Quando Michele Santoro ha presentato il parterre degli ospiti in studio, in molti avranno ieri pensato che la puntata di “Annozero” sarebbe stata generosa di “chicche”. Previsione non difficile da centrare, dal momento che, a dividersi le telecamere nello studio del programma di Rai2, c’erano il vulcanico ministro Ignazio La Russa, il combattivo Antonio Di Pietro e il sempre pacato Pier Ferdinando Casini. Una triade da record di ascolti, che ha infatti dato vita a uno show pirotecnico di innegabile impatto.

Il clima s’infiamma quando il conduttore concede la parola a Luca Cafagna, studente della Facoltà di Scienze politiche alla Sapienza di Roma. L’argomento è quanto mai delicato e riguarda, ovviamente, la manifestazione capitolina di martedì scorso, culminata in atti di violenza e in veri e propri scontri tra alcuni giovani e le forze dell’ordine. La novità è che lo studente, interpellato esplicitamente sulla “deriva armata” della manifestazione, non prende le distanze da quanto accaduto e rimarca piuttosto un concetto più volte espresso dagli studenti in questi giorni: per due anni e mezzo ci avete ignorato, la vera violenza è quella di un governo sordo e disattento.

Apriti cielo: è a questo punto che il responsabile della Difesa perde le staffe, inanellando una sequela serratissima di “vigliacco” all’indirizzo del ragazzo. Per Ignazio La Russa, infatti, le parole pronunciate da Cafagna (che definirà anche “ignorante”, “incapace” e “fifone”) sono sufficienti per formulare l’accusa di apologia di reato. Per questo il coordinatore del Pdl scatta in piedi, smangiando accuse a bocca stretta contro i manifestanti e accusando il conduttore di “Annozero” di faziosità per il fatto di non aver invitato anche un rappresentante della polizia, in grado di completare la cronaca sulla “calda” giornata di martedì scorso.
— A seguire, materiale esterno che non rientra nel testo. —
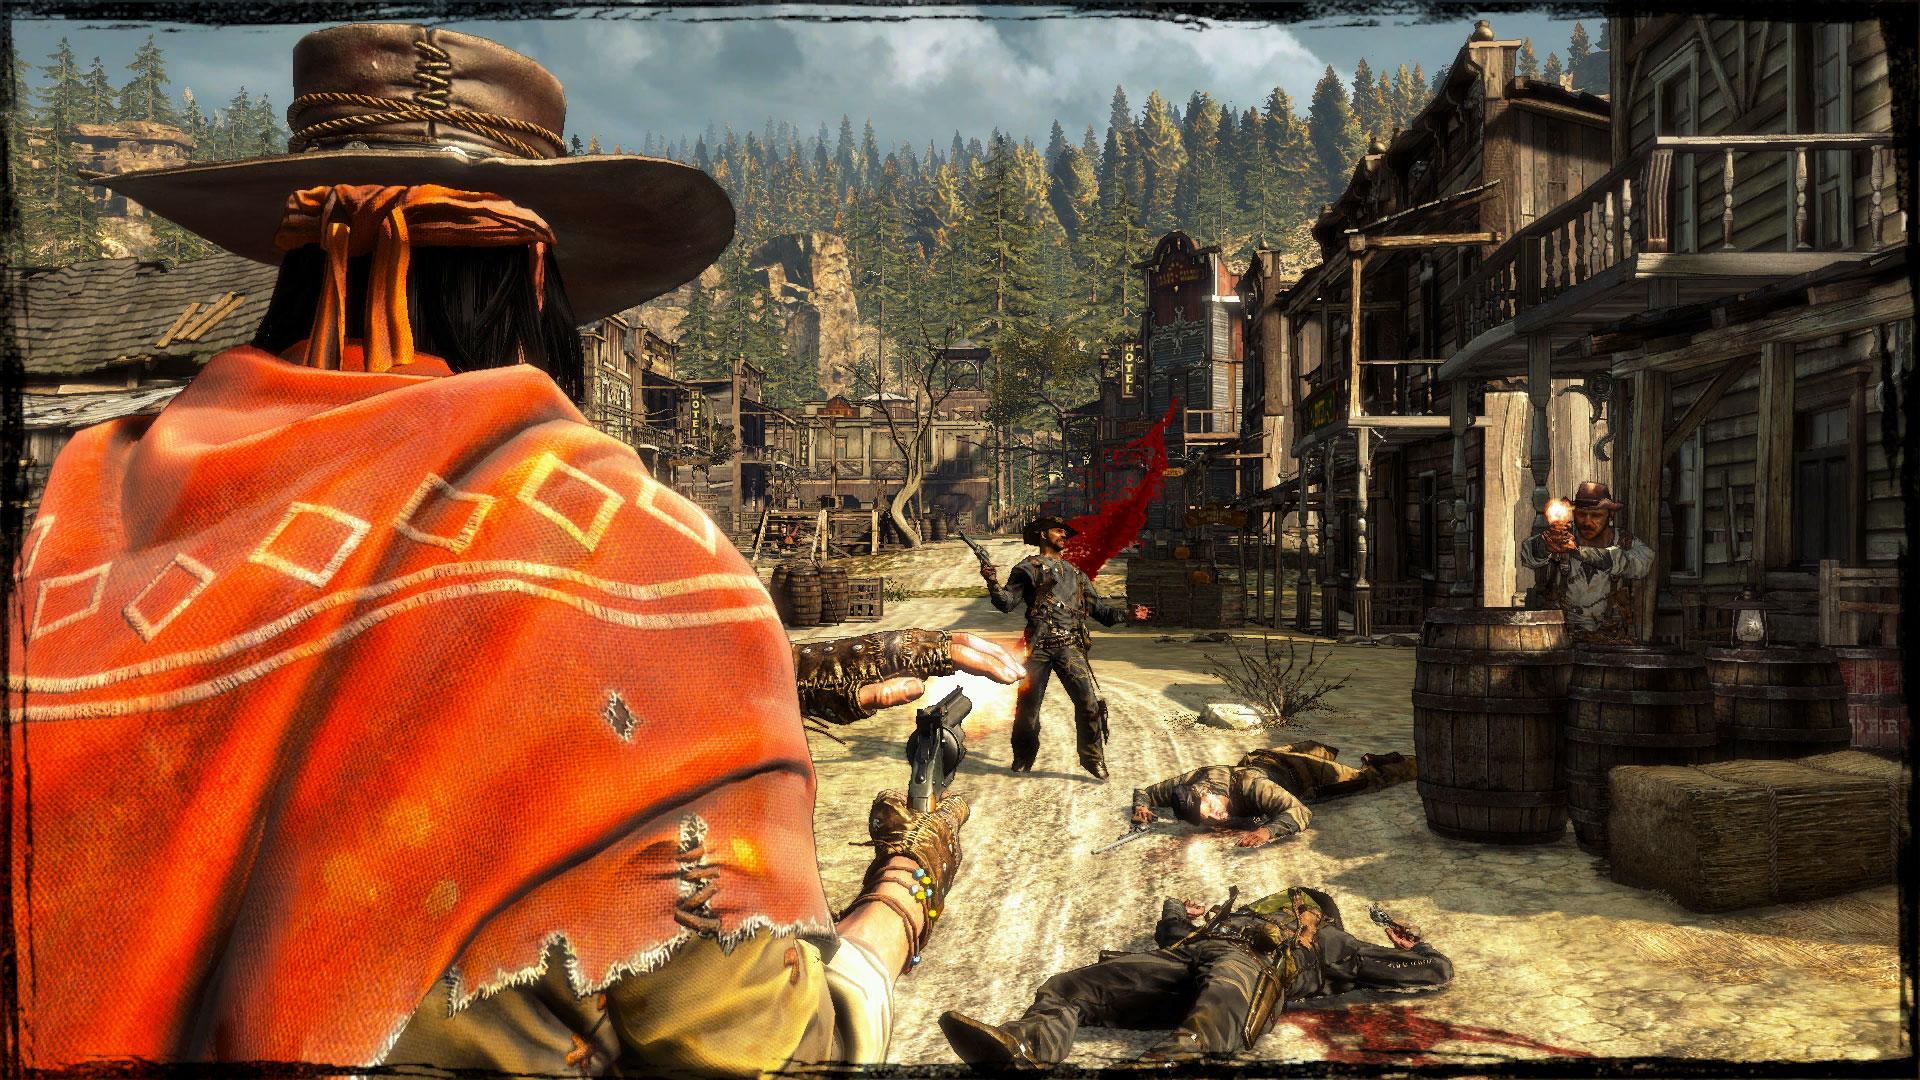 Call of Juarez: Gunslinger - Our selection of « Shoot 'em up » video games

Non solo: il ministro, in preda a una rabbia palpabile, si avvicina a Santoro e gli stende la mano, annunciando l’intenzione di abbandonare lo studio, poi ci ripensa e, riconquistato un barlume di compostezza, (consigliato anche dal giornalista de “Il GiornaleNicola Porro e dal moderato Casini) si rimette a sedere, tra gli applausi sarcastici del pubblico. Ma non è tutto.

Quando il conduttore di “Annozero” concede la parola ad Antonio Di Pietro, che fino ad allora aveva assistito basito alla scena, l’ex pm non manca di fornire il suo personale contributo alla scoppiettante serata. “Adesso capisco cosa vuol dire essere fascisti – dice, rivolgendosi a La Russa – Se io fossi ministro della Difesa e mi accorgessi che c’è un disagio sociale così forte, tutto farei meno che zittire uno studente. La Russa – rincara il leader dell’Idv – è l’essenza stessa del fascismo, non lascia parlare, non ascolta le ragioni sociali che sono arrivate alla violenza. E’ parte di un governo sordo e cieco, fascista – insiste – che non ascolta le ragioni degli altri”.

Parole che suscitano la reazione del responsabile della Difesa, il quale, senza neanche rivolgere lo sguardo all’avversario politico, lo fredda con un “analfabeta” declinato in più tonalità. Nel pasticcio generale, il leader dei centristi tenta di sdrammatizzare: “Adesso capite perché ho creato il terzo polo? – scherza Casini – Ragazzi, io non sono così, sono diverso da questi qua”.